## GIVEN INFORMATION
___

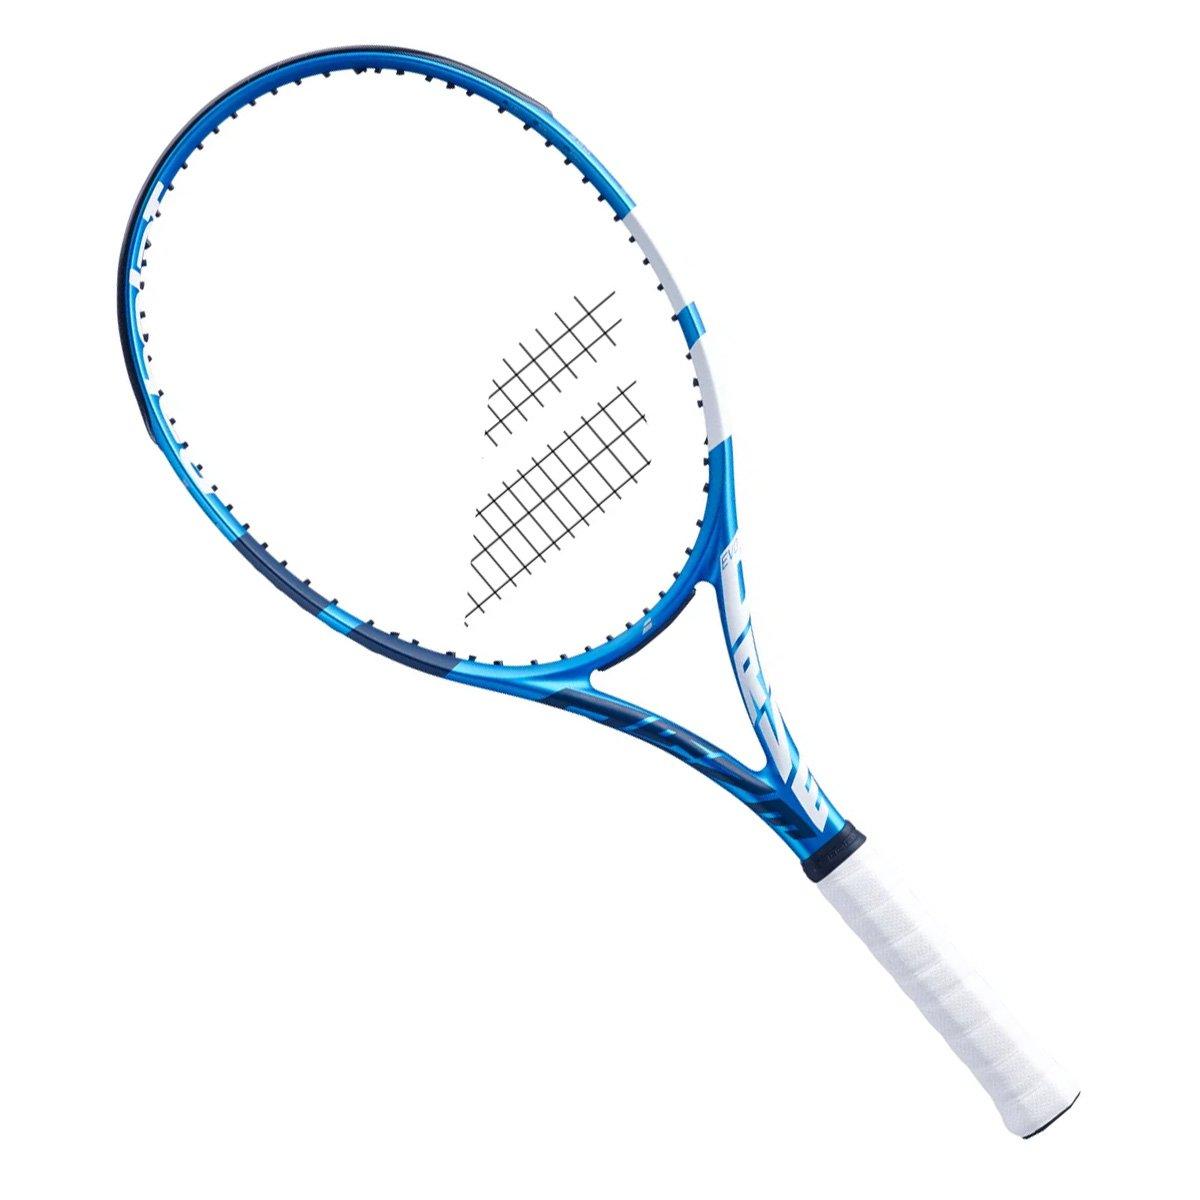 Raquete de Tênis Babolat Evo Drive Azul L1
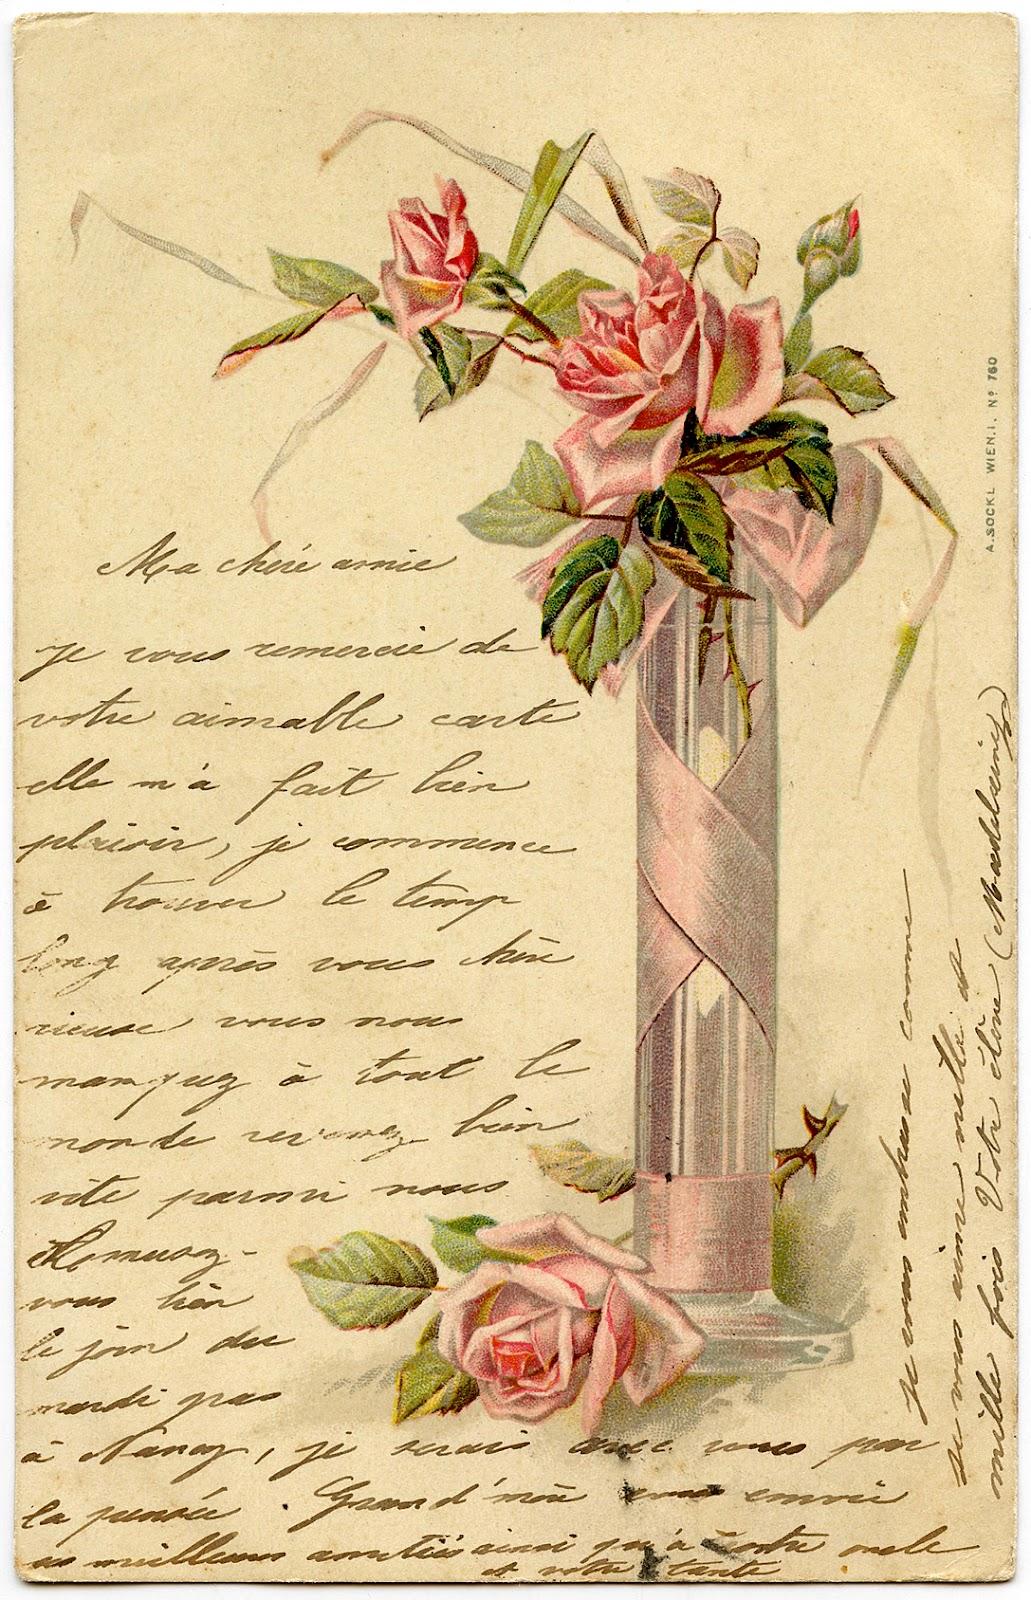 Romantic French Image
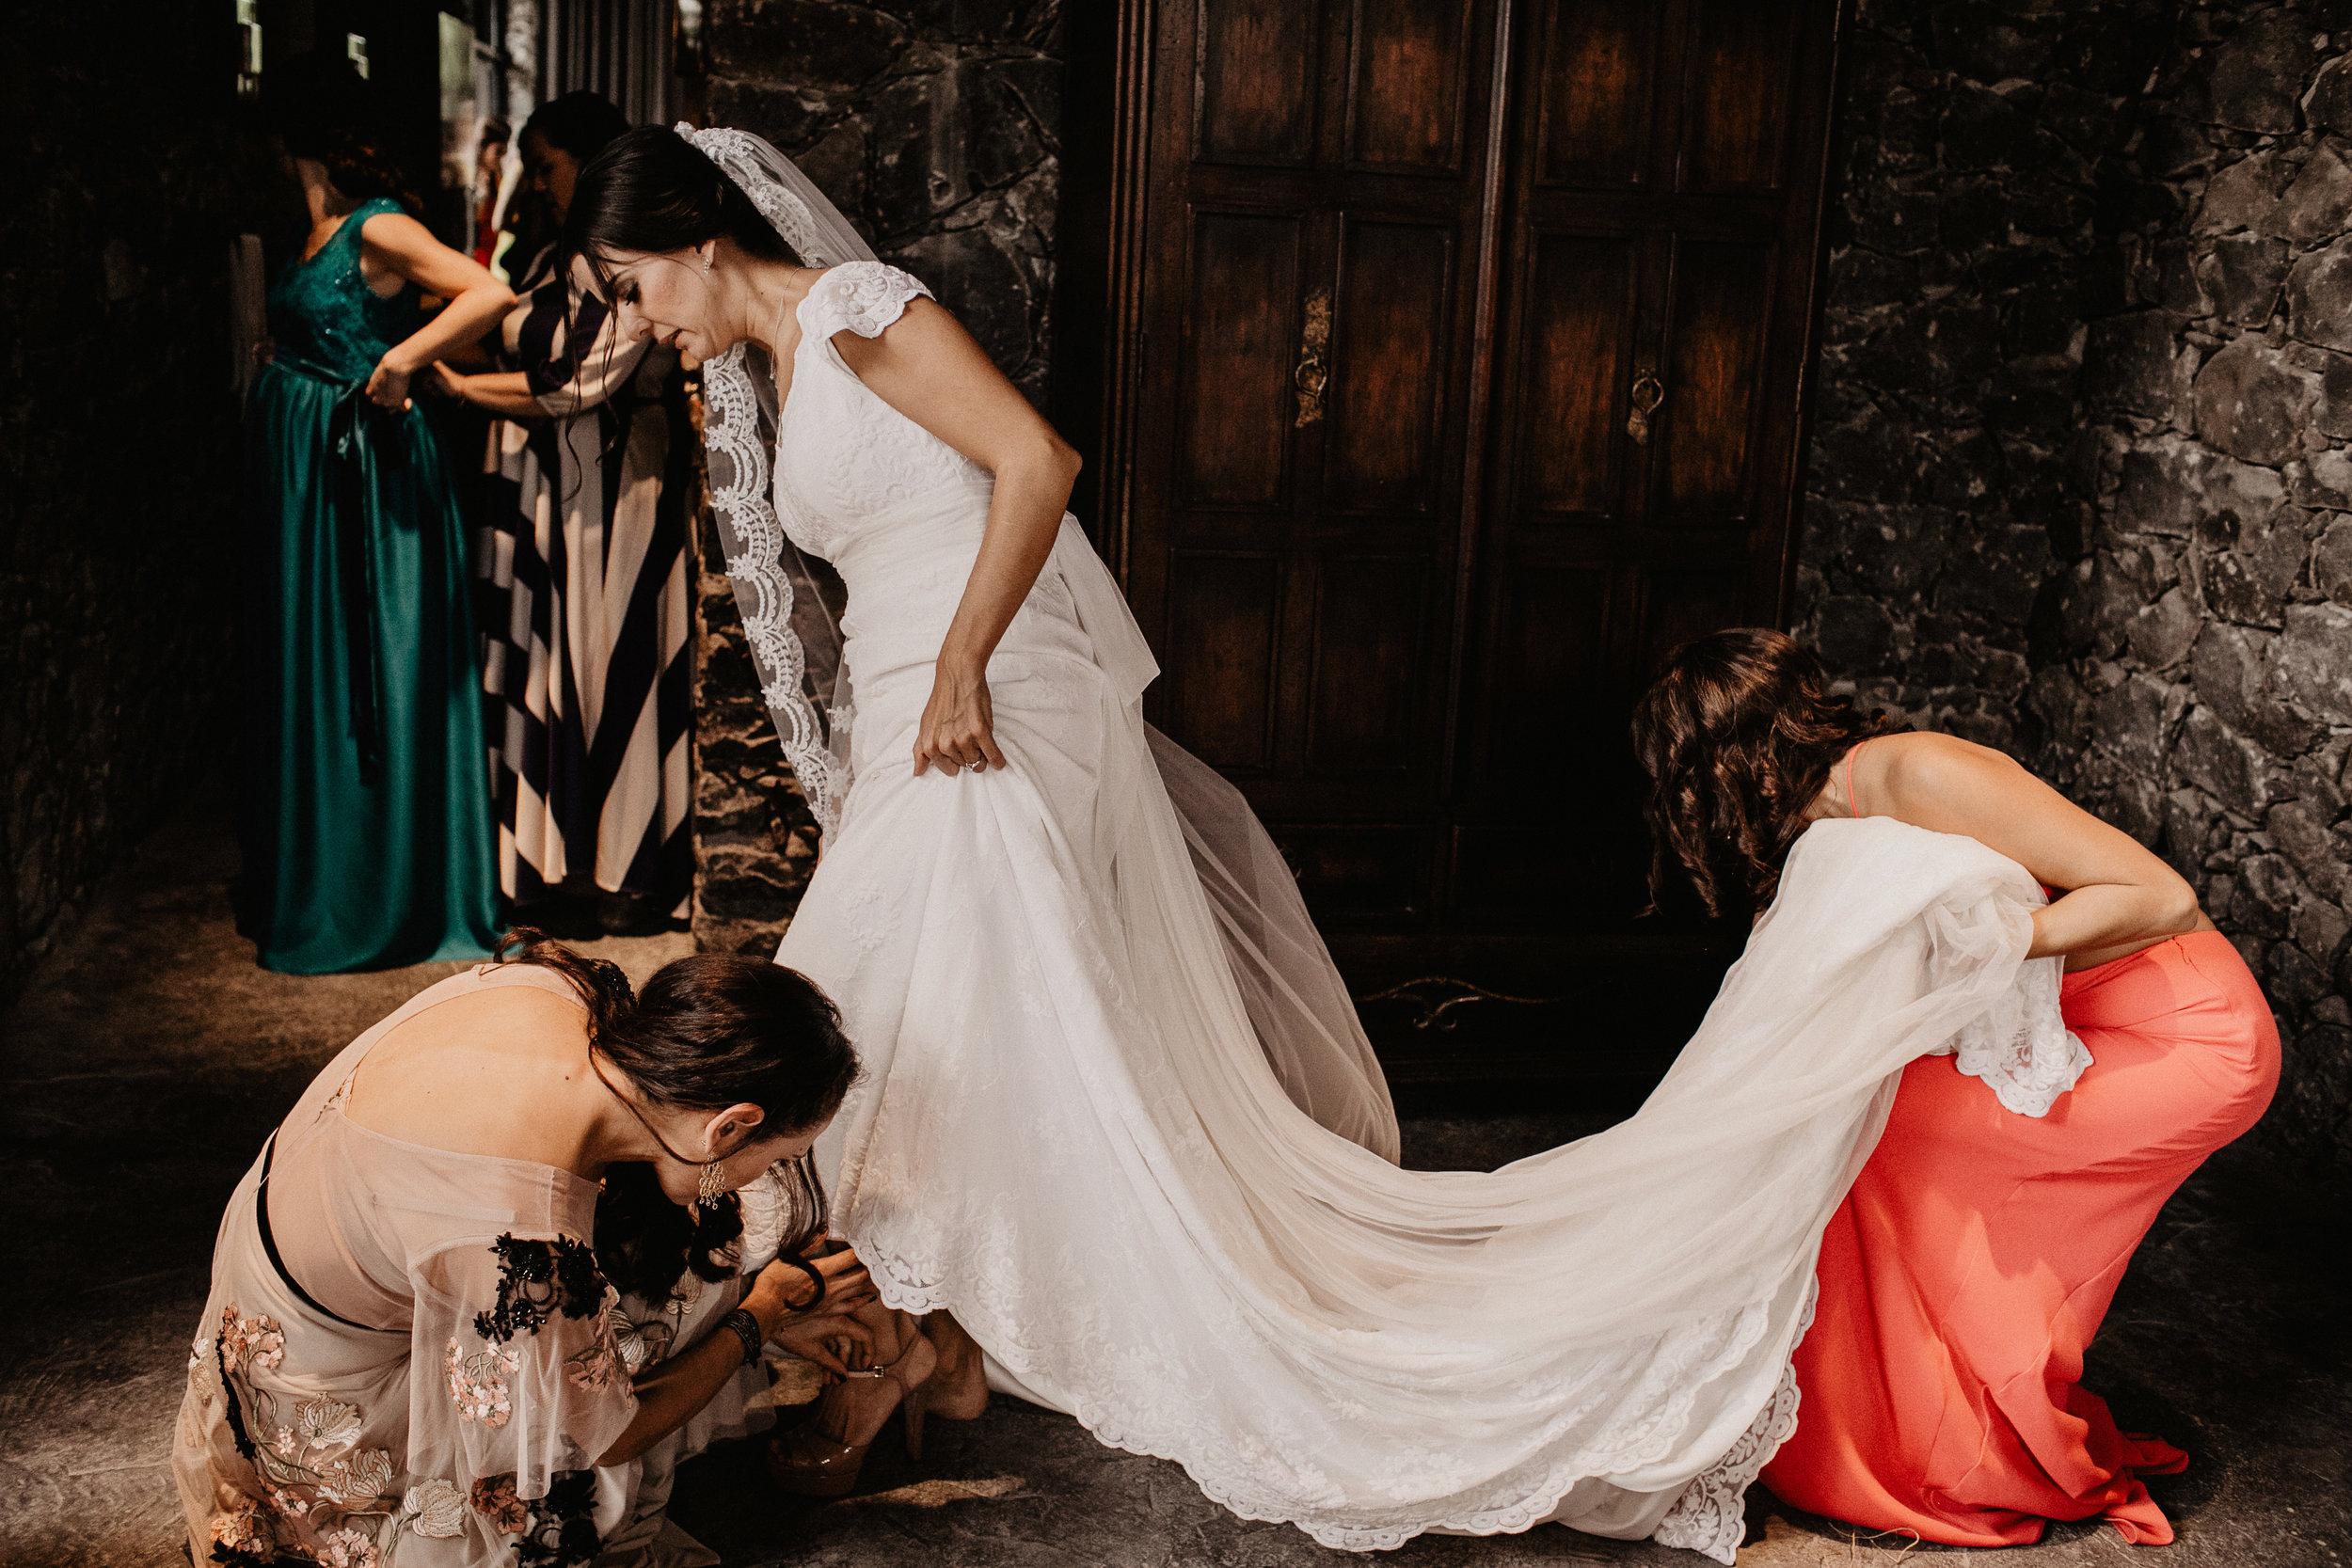 alfonso_flores_destination_wedding_photographer_pau_alonso_184.JPG

___

## PROBLEM STATEMENT
Your task is to repeat the data above exactly while excluding the pictures.

## EXERCISE SOLUTION
 Raquete de Tênis Babolat Evo Drive Azul L1
 Romantic French Image
 alfonso_flores_destination_wedding_photographer_pau_alonso_184.JPG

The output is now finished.